Laura Toailoa was born in Samoa, grew up in South Auckland, and is now living in Wellington, where she’s been studying at Victoria University.
In this article, originally published in Salient, she answers a question she’s been asked a million times.
But where are you from from?
The answer people look for varies, depending on whether they want to know where my accent is from, or where I lived before moving to Wellington, or if they’re a Samoan asking what villages my parents are from.
Geographically, here’s a quick overview: I was born in Samoa and lived my childhood in Saoluafata. I moved to New Zealand when I was eight years old. I lived in South Auckland for the rest of my childhood and my whole adolescence. I then moved to Wellington when I was 18 for university. Now here I am.
In Samoa, home was a fale-Palagi — we had walls and a tin roof, doors and locks. We also had a more traditional fale-Samoa with its open style and poles in the perimeter. It was where important family meetings happened, but mainly it was where we hung our laundry.
Home housed Mum, Dad, Ma (Mum’s mum), and us kids. Home was where rice and tuna was a luxury that only Ma could have. John Grisham, Roald Dahl, and Encyclopaedia Britannica lived with us too.
Outside, the leaves of the mango, breadfruit, and frangipani trees fell to the ground, and we’d then have to pick them up. Breadfruit leaves were the best because they were ginormous and very few. Mango leaves were the opposite. If, heaven forbid, we lost the salu tū (outdoor broom, made of a long wooden handle tied to a bundle of midribs of coconut leaves), we’d have to painstakingly pick up each and every leaf only to wait for more leaves to take their place.
Inside, we’d choreograph dances to Shania Twain and Madonna.
I have very faint memories of my home in Samoa. There’s a photo of me in a dress at our plantation, but I didn’t feel like Samoa was home. In all of Samoa, there was only a specific plot of land on top of a little hill that was home. It wasn’t until I moved to Aotearoa that I began to long for a whole country.
I hardly reflected on the country I came from. There weren’t national narratives I was aware of or identified with. I never felt like I had to assert my belonging to Samoa. Everyone was Samoan. Just as a fish doesn’t think about the water, I never consciously thought about my home country as a country I belonged to. I belonged to my village. I belonged to my family.

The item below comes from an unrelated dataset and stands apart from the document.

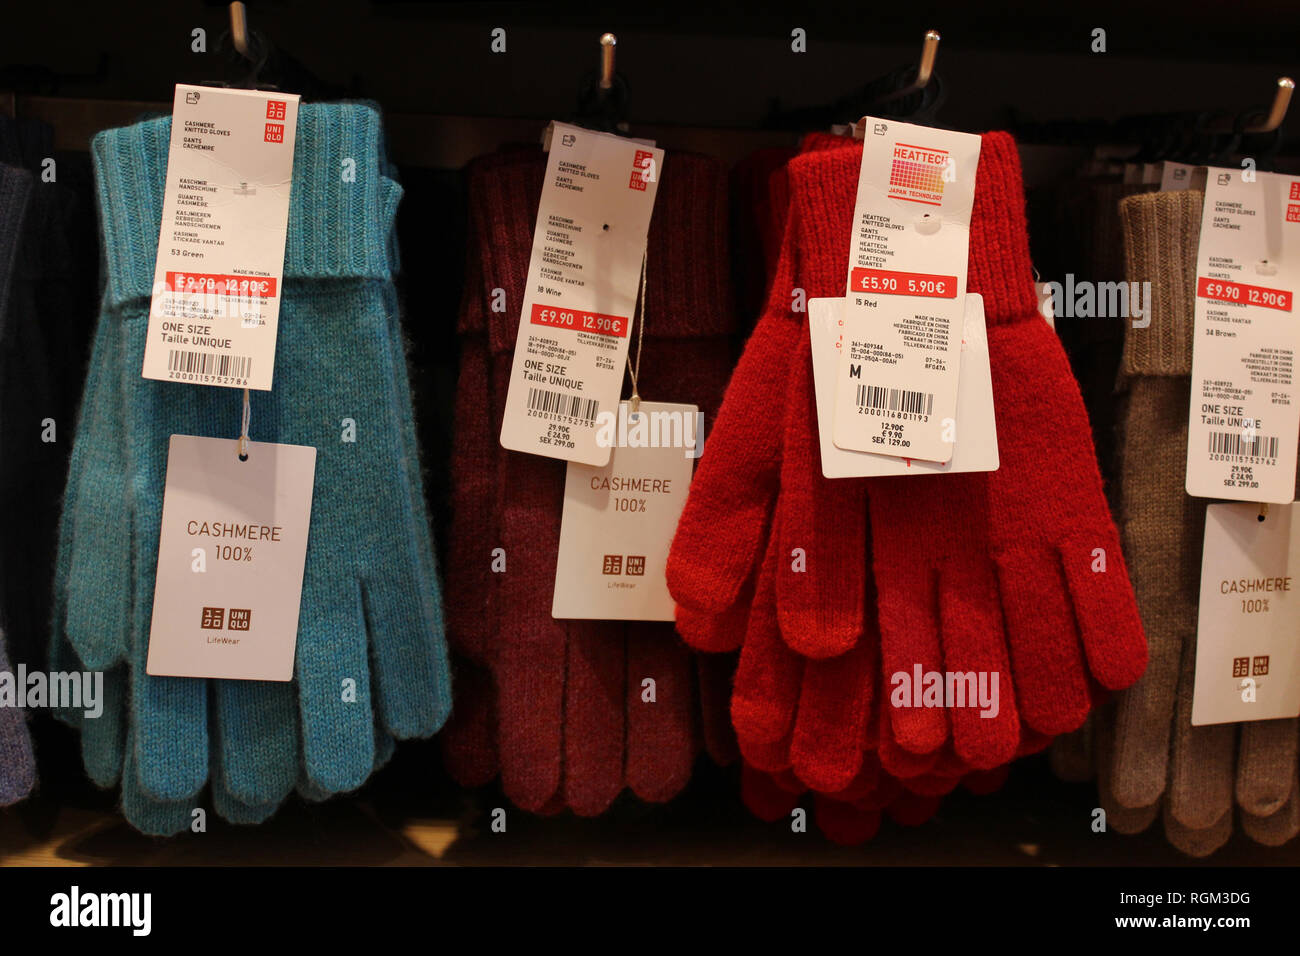 Uniqlo cashmere gloves displayed with price tags, close-up Stock Photo -  Alamy

However, when I moved to New Zealand, I became totally aware of being Samoan. I became immersed in a world in which Samoans declared their being Samoan and I learned that it would become something I would do too. It became so important to explicitly talk about the importance of our language and our culture. There was a need to find and hold on to our histories, our narratives. The homeland that was the surrounding I never noticed became the home I wanted to return to, and I developed a belated national identity.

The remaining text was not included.